Thinking about decommissioning before day one
Figure 3. Analysis of site assets means a decommissioning hierarchy can be drawn up according to risk levels.
The wider value of asset retirement data As has been evidenced, this accounting practice can add value far beyond that of a compliance box-ticking exercise. As the age-old saying goes, knowledge is power, so hopefully it is viewed as much more than merely a ‘necessary evil’. Therefore, if an operator is devising a business case for the installation of a new plant, considering a site exit, or evaluating the affordability of a decommissioning project over a defined period of time for cash-flow purposes, strong intelligence already exists.

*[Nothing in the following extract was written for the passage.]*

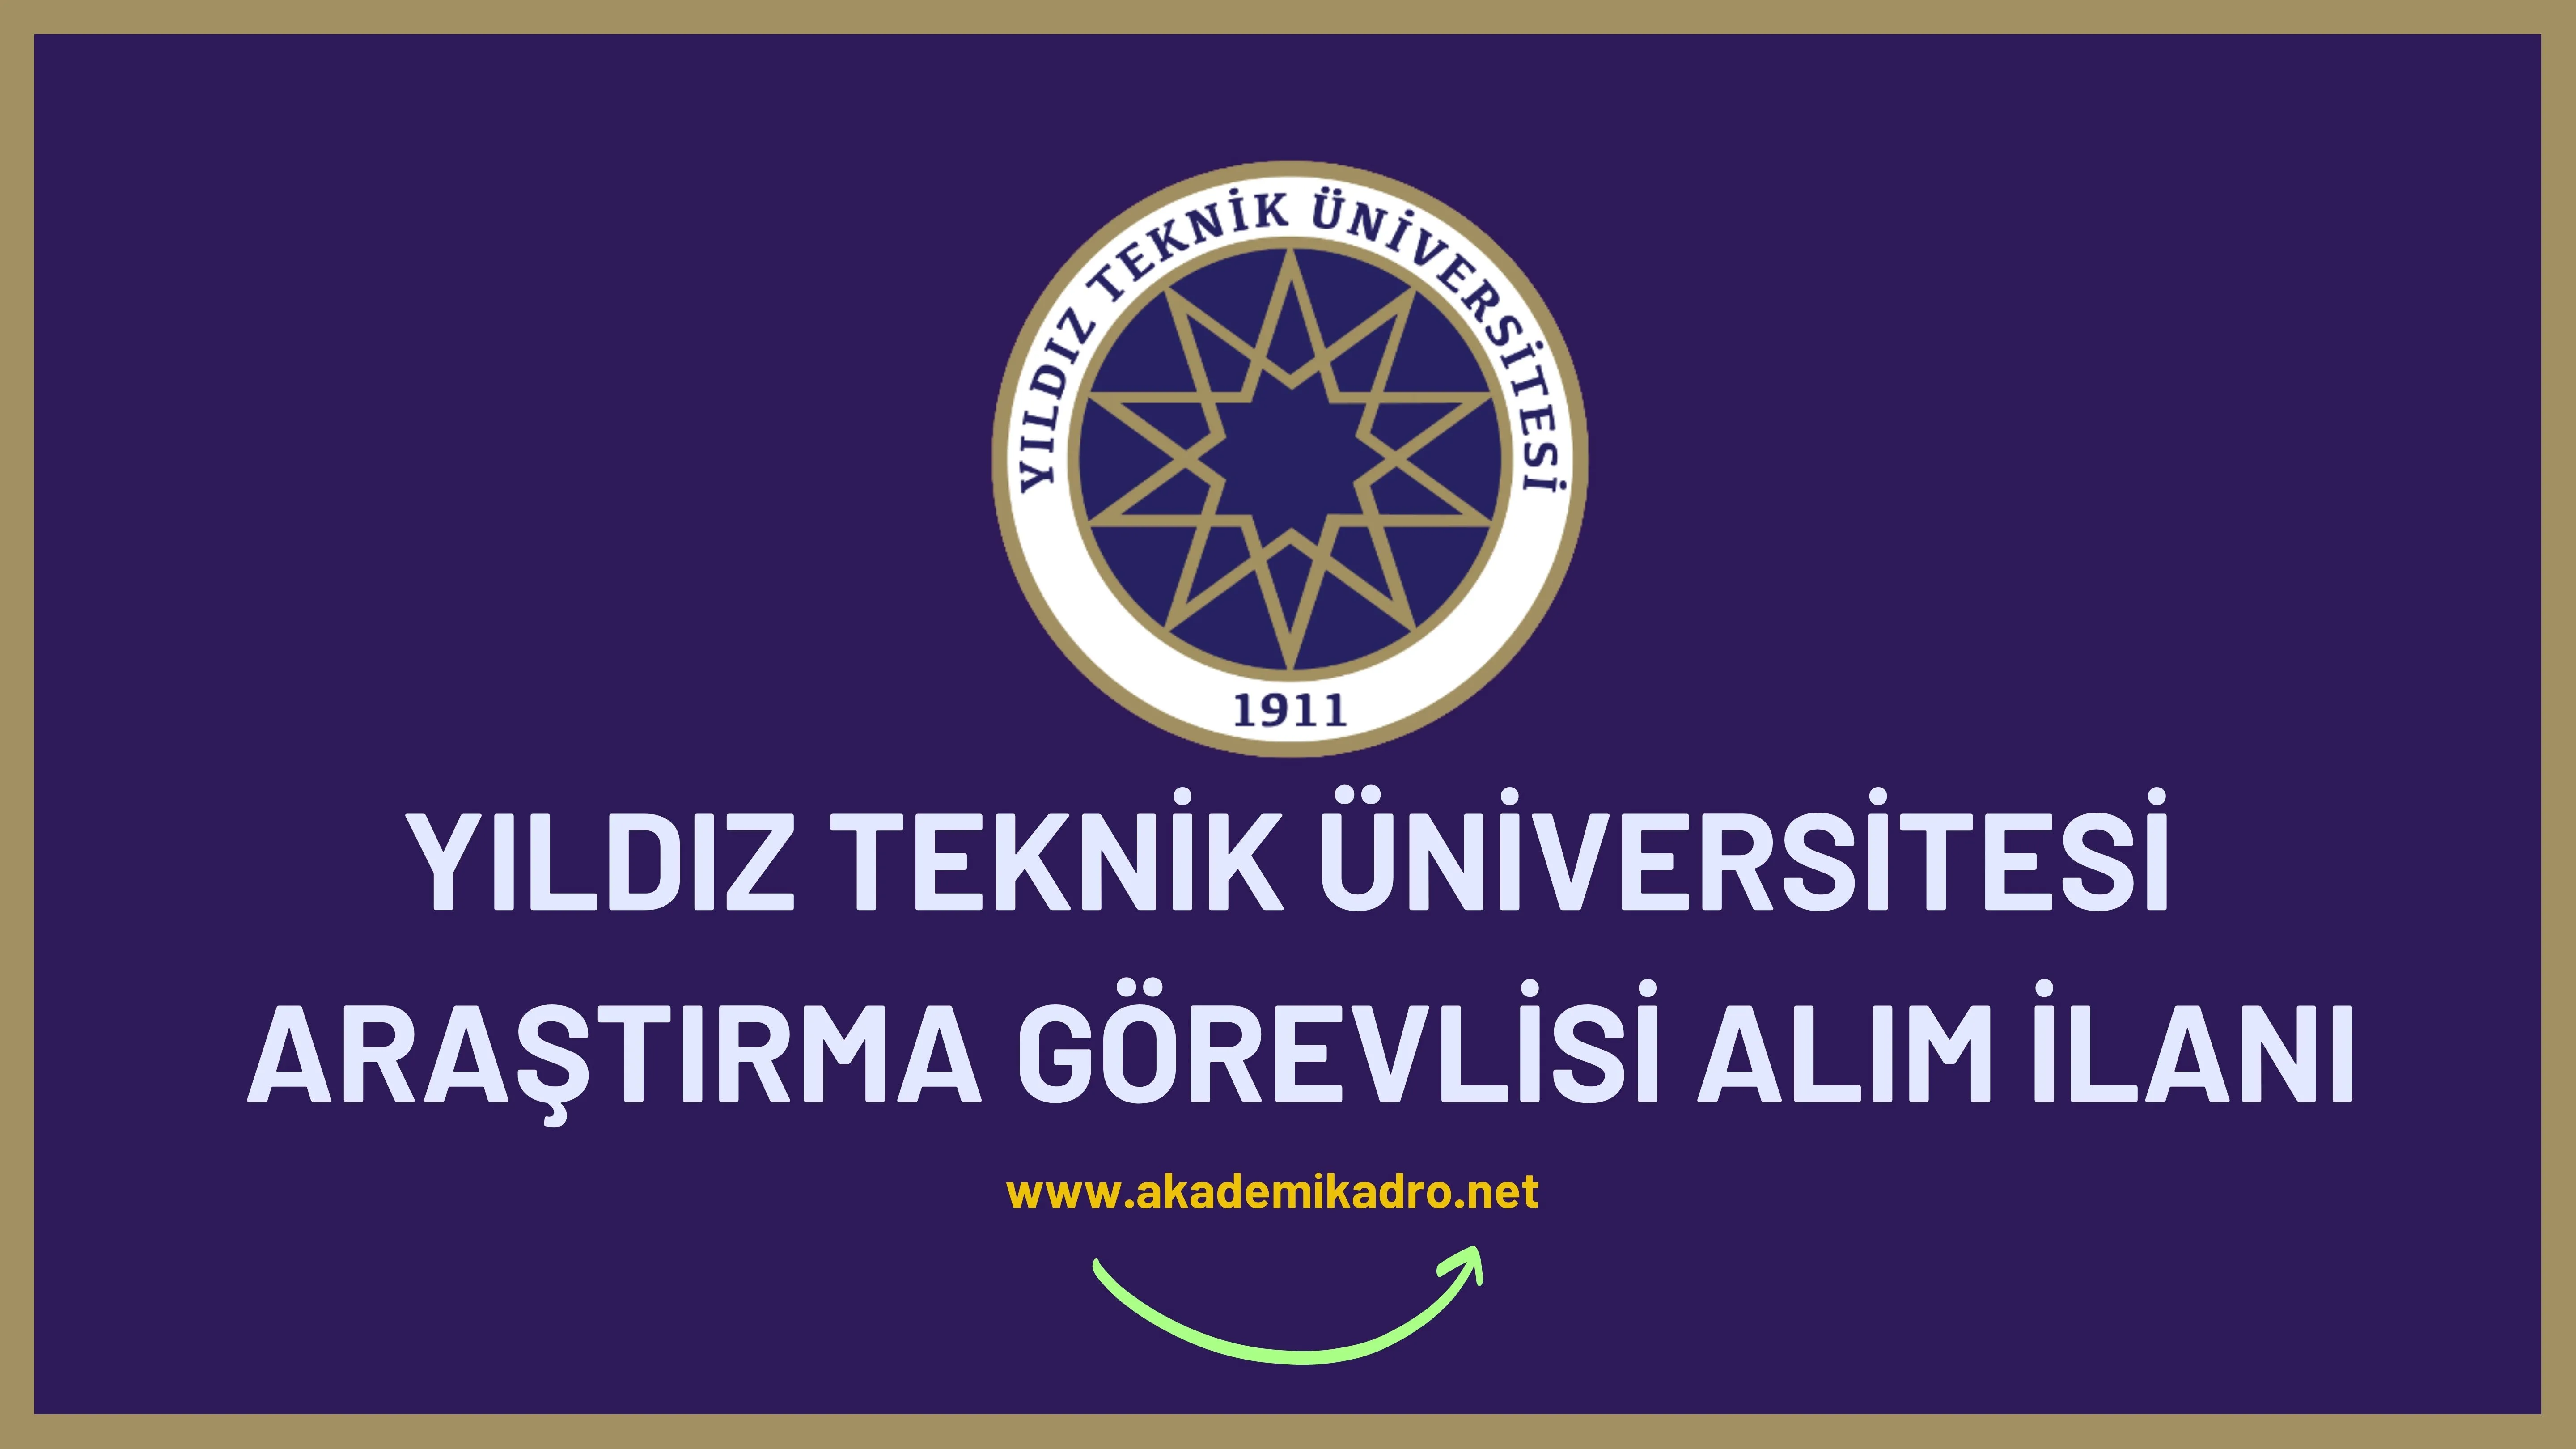 Yıldız Teknik Üniversitesi 32 Araştırma görevlisi ve 26 öğretim üyesi alacaktır.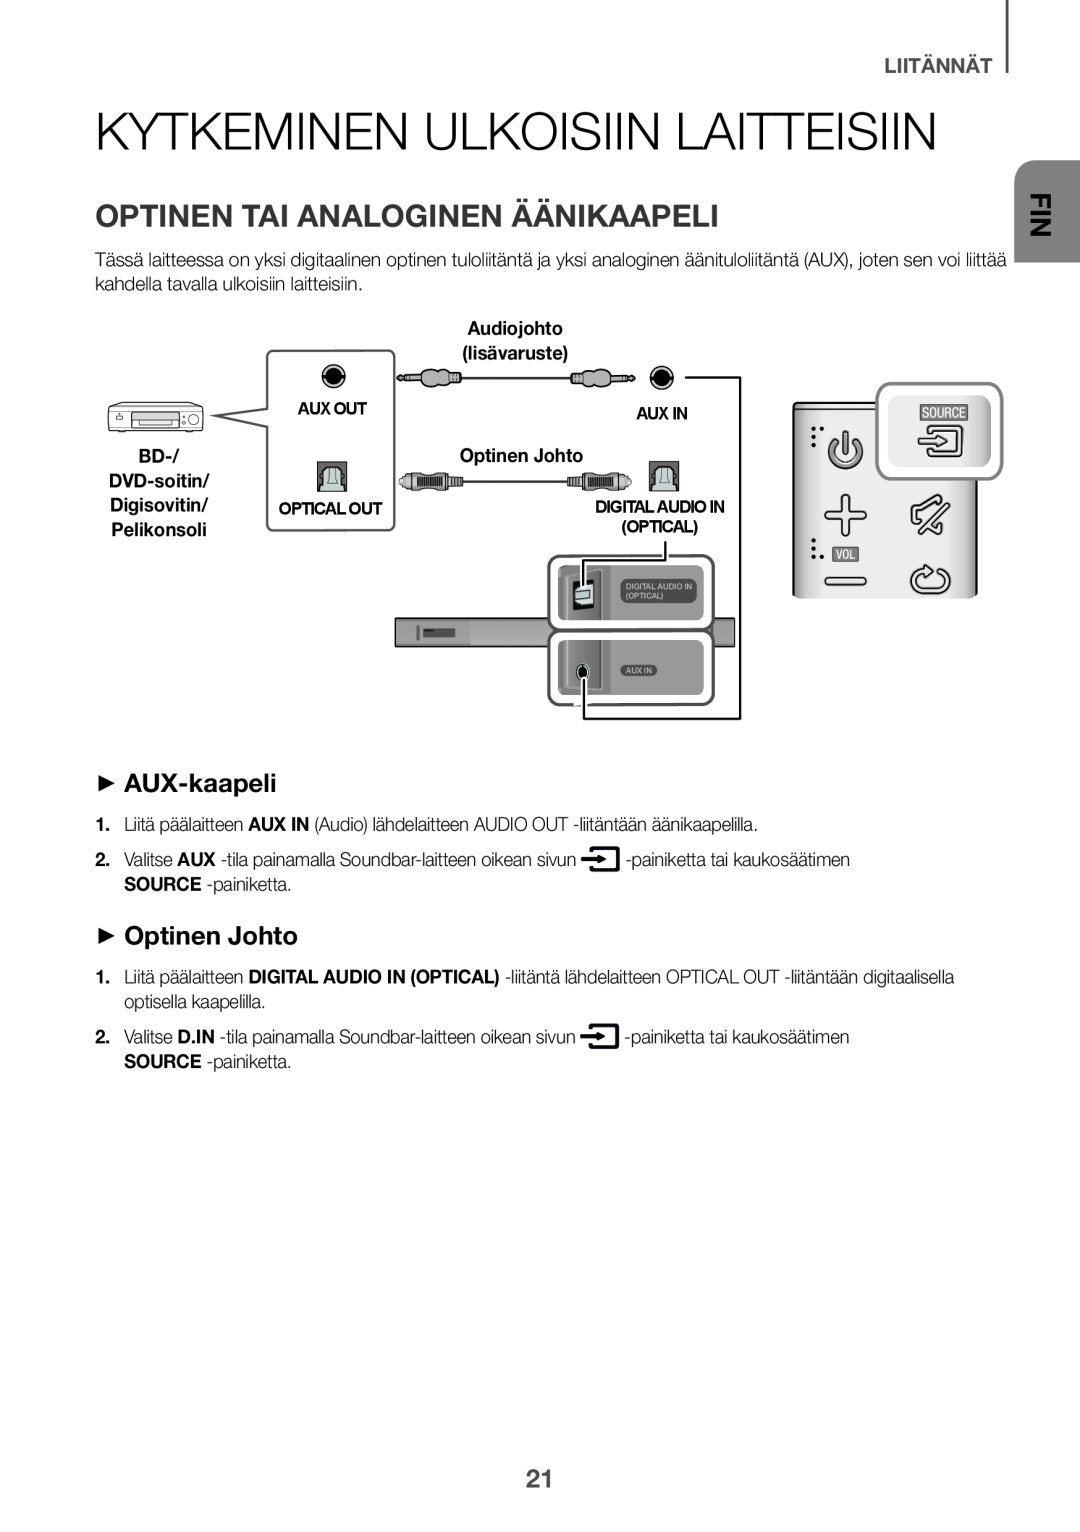 Samsung HW-K650/ZF Kytkeminen ulkoisiin laitteisiin, Optinen tai analoginen äänikaapeli, ++AUX-kaapeli, ++Optinen Johto

The role of asset retirement provisioning is only going to grow – as is the importance of decommissioning in the oil and gas value chain. This is because the circular economy has gone from being a term usually referenced only by those in the environmental sector, to a philosophy now influencing many supply chains in various industrial settings. When it comes to the futureproofing of assets in this sector and in many areas of construction, the decommissioning of tanks, terminals and other buildings and structures is therefore increasingly being considered before they have been built – even while they are still being designed. Reuse and recycling matters more than ever, so if the financially and environmentally savvy retirement of an asset can be ensured before it even exists, this takes an operator’s corporate social responsibility (CSR) status to a whole different level – and rightly so. Conversation surrounding this topic is only likely to grow.